Thursday, May 23, 2013

On what literature is really about, and being a "serious" writer

Literary snobs annoy me. They annoy me a lot.

I tire of the idea that the only "serious" writers are the ones writing literary fiction.

I tire of the idea that I am less real as a writer or work less hard or am somehow less important because I write books for teenagers.

And I think it is absolutely absurd when people say things like "That isn't what literature is about."

Like, the only stories of worth have to examine the human condition and be about death and some middle-class white bloke wandering about doing nothing for four hundred pages (as written by some narcissistic middle-class white bloke).

About 90% of the time when I read a critically-acclaimed, award-winning novel I am just baffled. (Generally of the books-for-adults variety. I usually like the YA award winners.)

A great deal of literary fiction seems to be about literary fiction which, to me, is very odd. It's like an entire genre of in-jokes.

I dislike the idea that all the important stories must be depressing. I think that literature can and should be about a lot of things. Entertainment and comfort and whatever it is the reader wants out of it. I don't know, I think there's enough depressing in the real world without every novel of "value" (how do we ascribe this value? how does this work?) being so incredibly depressing.

I think the idea of "serious" and "non-serious" writers is stupidly linear. (Maybe I should add "unserious writer" to my bio. I'm not sure I could ever be, or be considered, a "serious" writer.) I am, however, very uncool and not really part of any literary scene and likely not a future award-winner, so perhaps I am not the best person to listen to.

To sum up:
1. I have forgotten how to write blog posts.
2. People who talk about "serious" fiction are irritating.
3. Lots of novels are important and have value and bring people joy and make them think! Stories, I love them all! Stop acting like your genre is by default superior to mine!

Tuesday, May 21, 2013

Life in Outer Space by Melissa Keil

The first novel published through Hardie Grant Egmont's new Ampersand Project, an imprint dedicated to debut YA novels, Life In Outer Space is just the loveliest. As a result, I am very much looking forward to what the Ampersand Project discovers next.

Reminiscent of Six Impossible Things by Fiona Wood in terms of adorable romance (and a little bit Shirley Marr's Preloved too), Life In Outer Space is just nice, you know? I don't know how to express this properly (if we could mind-meld you'd get it - how much easier everything would be if we could mind-meld), but sometimes I tire of all the edgy, and the gritty, and the ever-present overly masculine and borderline-disturbing love interest (I mean, really) and I just want to read a novel with people I can relate to in it. It's like a YA novel version of a rom-com with all these socially awkward nerdy kids in it (who are actually really cool and awesome, despite their professed geekiness).

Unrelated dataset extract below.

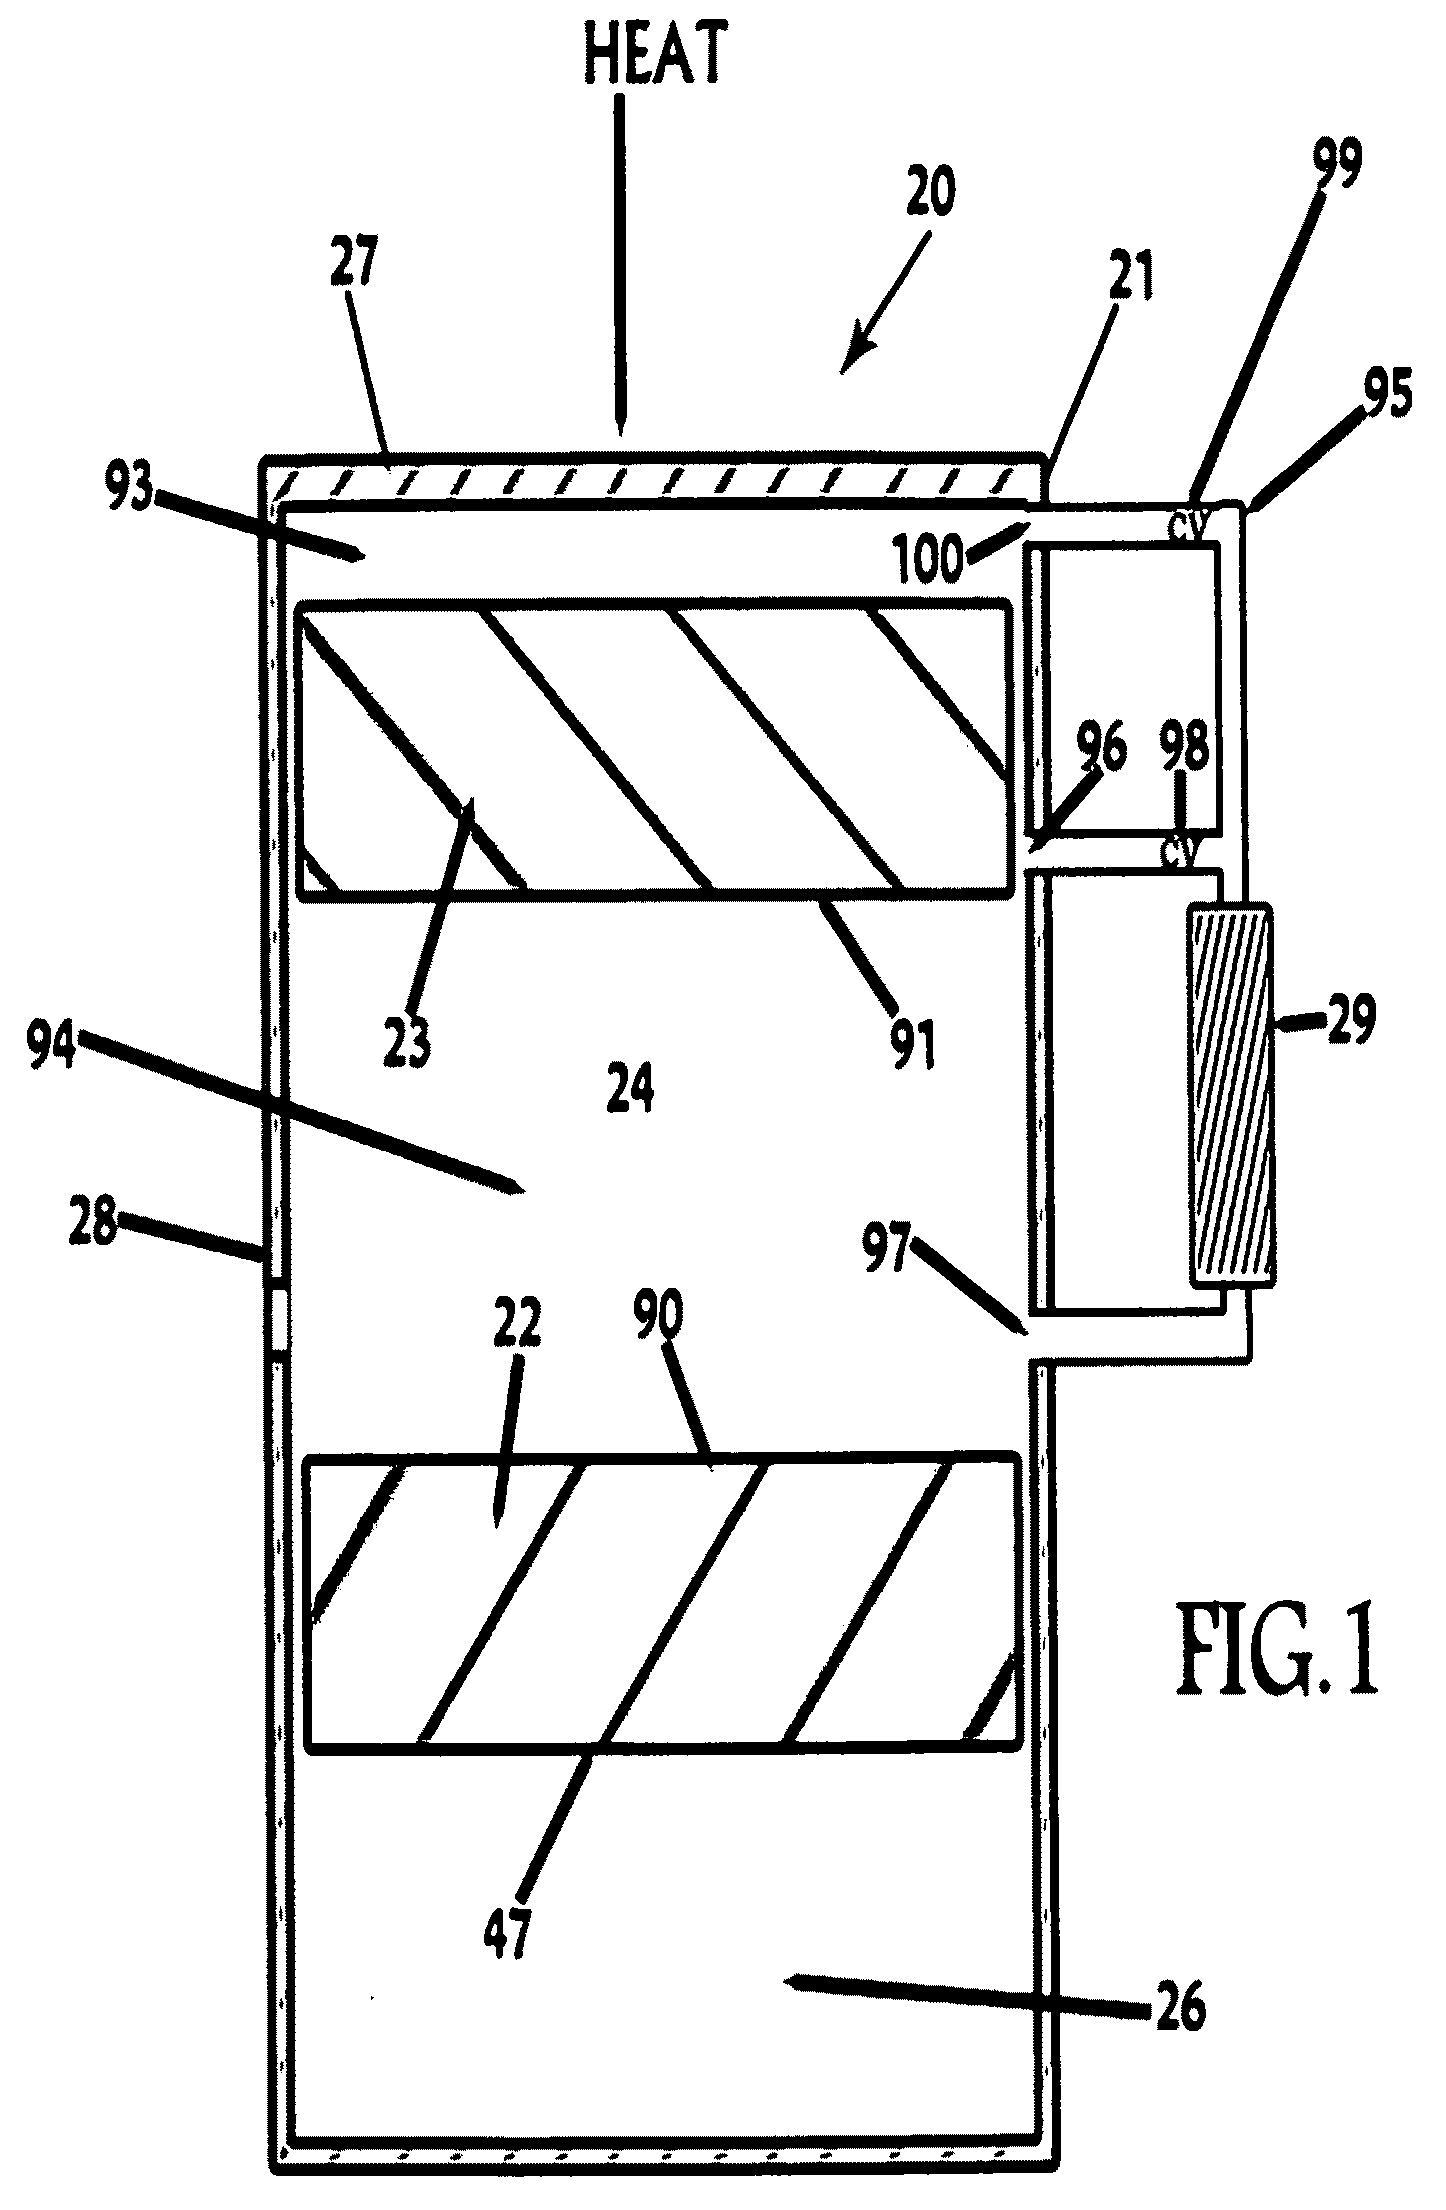 Method for increasing performance of a stirling or free-piston engine

It's funny and endearing and chock full of movie references (do you think I've used the phrase 'chock full' on this blog before?) and there's a little bit of World of Warcraft in there, too. It's not groundbreaking - just boy-meets-girl, boy-is-socially-awkward, boy-eventually-realises-he-loves-girl but it's so darn nice/adorably funny. I love Camilla myself, and I also love Melissa Keil and I'd quite like it if another Keil novel were published very soon (why must it take so long for books to be written? Again, mind-melds, they'd be handy).

Here it is on Goodreads, should you care for a blurb or a second opinion.

Monday, April 29, 2013

New Adult, you confuse me

People I know are on about New Adult now as if it is an actual genre (remember 2009 when everyone thought it was ridiculous?). Look, it has a Wikipedia page. I am not sure anyone who is a non-writer/non-publishing person is aware of New Adult's so-called existence but maybe in five years time this will not be the case. Also I am in the target market for this Brand New Unique Concept Genre (totally not already in existence under the umbrella of Fiction or Romance), so I have thoughts on the topic.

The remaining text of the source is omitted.